Those were the two years I searched for my dead lover through skin and hip bones and tongues. Thinking I might find him in the almost orgasm with a stranger. I was a mortal breathing the breath of another and another and another to find my lover, to bring him back to life through skin and sweat.
I licked the ice from winter when he died.
When summer came I chewed on honeysuckle, lathered my body in Coppertone and smoked too many cigarettes, going from man to man in my grief – shuddering to the man with the fastest tongue, lifting to the hands of the ex priest, the half-holy one who caressed the part of my soul that had been left behind.
My female friends tried to brush the grief from my hair but didn’t know how, so I turned to men.
Did I like those limbs and tongues, the men I never knew?
Did I like the come cries and the pulling?
I lived for both the pleasure and the pang, the sliver of light in the darkness, the crack in the blackout curtains that only hinted of dawn.
I craved the music that carried my grief into each refrain.
I drank that first summer in Italy down to the nipple, sucking flesh off a tiny bone of baccalà.
I was not being nourished in my grief, but a part of me was flourishing in the shadow of death, as only the Romans know how to flourish there – in the darkness of Catholicism, in the crumbling walls and the starving cats of the coliseum who often ate my whole lunch, because I had to toss the crumbs of life toward them, to sacrifice something for another.
Even starving, those cats wouldn’t come to my hand.
One afternoon, I waited for hours outside the Cemetery of the Capuchin Friars to see the chandeliers they made out of the bones of a princess in the fifteenth century, such a practical way to honor the dead.
The darkness was overtaking me then as I searched for that small part of the last out breath of the man I loved.
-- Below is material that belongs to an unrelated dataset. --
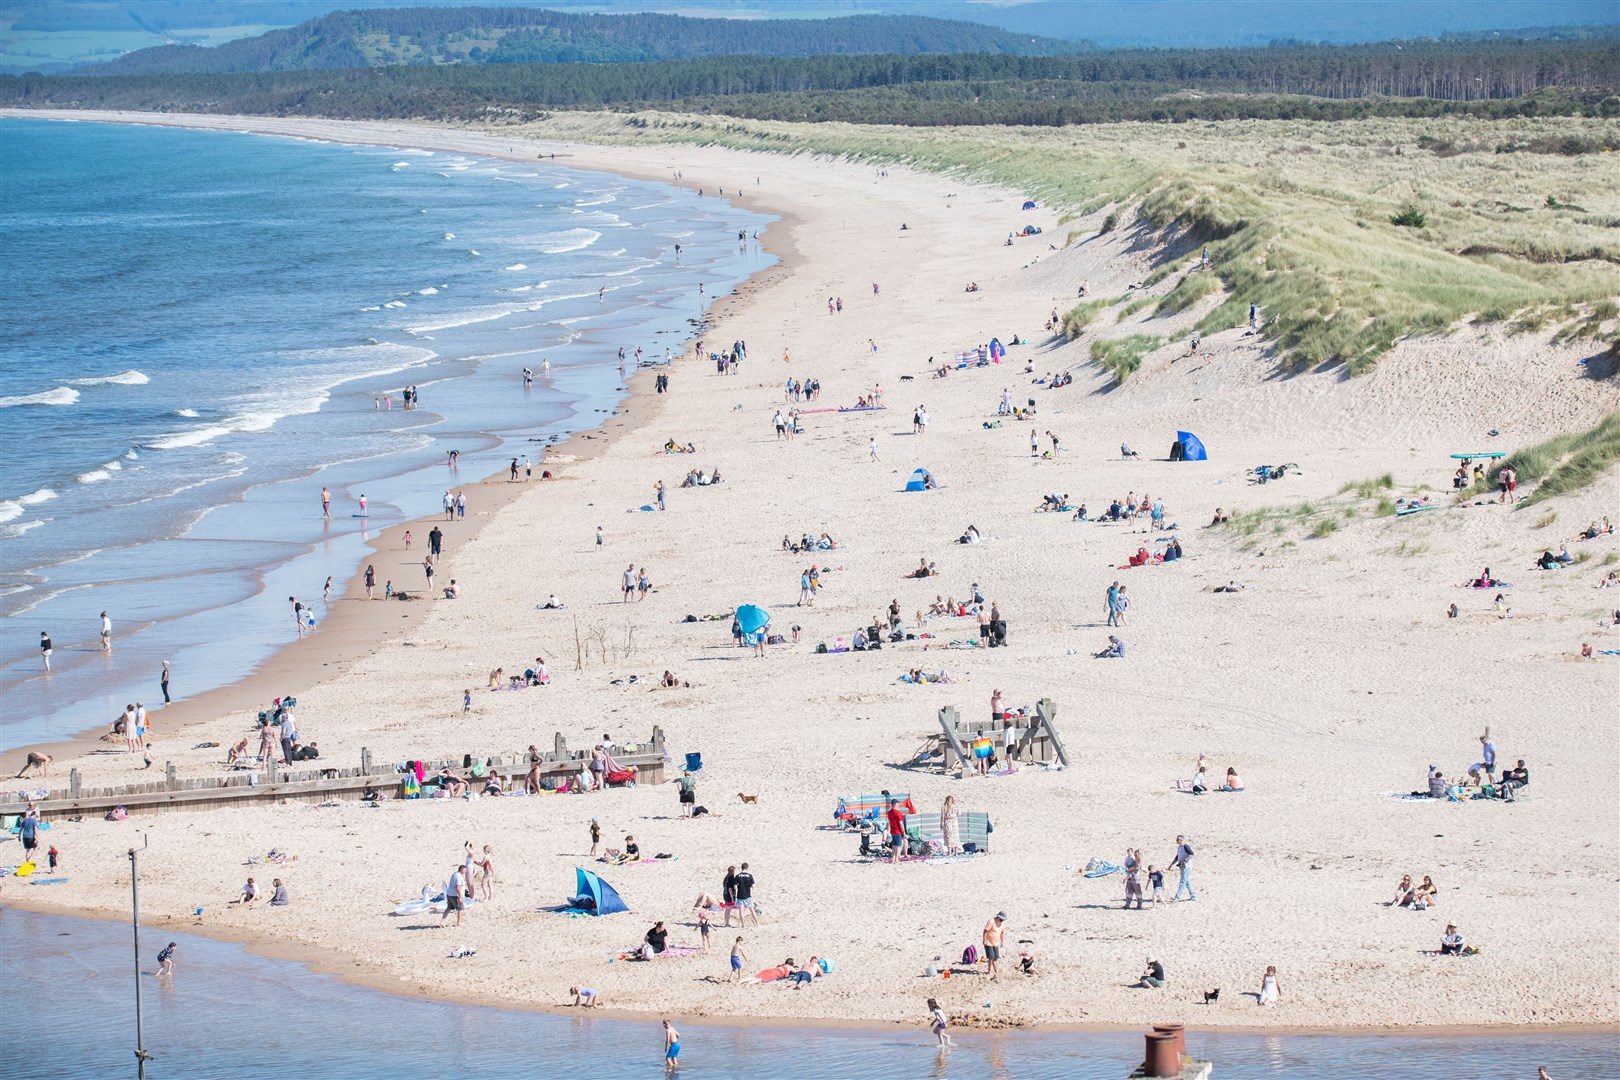 The East beach has been busy since the new bridge opened. Picture: Daniel Forsyth

The turning point came late one night when I threw a coin over my left shoulder into Trevi Foundation and made a wish.
I turned to the gods outside the cathedrals. The winged beings carved into marble.
And those gods answered my prayers while I slept in the City of Death – in a pension that often locked me out with their 11 p.m. curfew – I was never good with time. Some nights those gods walked beside me down the cobblestone streets while I searched for answers, waiting for the sun to rise and the thick wooden doors to open again.
The out breaths of those gods whispered in my ear that everything would be alright.
There is a time to wallow in grief, and a time when the wings of the gods begin to lift you out of the grief. I began to leave my darkest hour when I threw a coin over my shoulder into Trevi fountain, when that coin joined the heartbreak and the hope of every other coin thrown in like a prayer.
That’s when I said, enough.
And the gods heard me. I rose above that city on the back of Pegasus, but really inside a small white Fiat, eyes closed, free falling into my future.
It was a frightening and exquisite time in my life.
What I am feeling in the world now is similar to that time in my soul – except it’s a collective, worldwide grief beside deeply personal griefs. I have to believe there is hope in the prayers of all the coins still collecting in the waters, as fountains all over the world receive all those wishes for the days ahead.
Because this is a frightening and exquisite time that is asking so much of all of us.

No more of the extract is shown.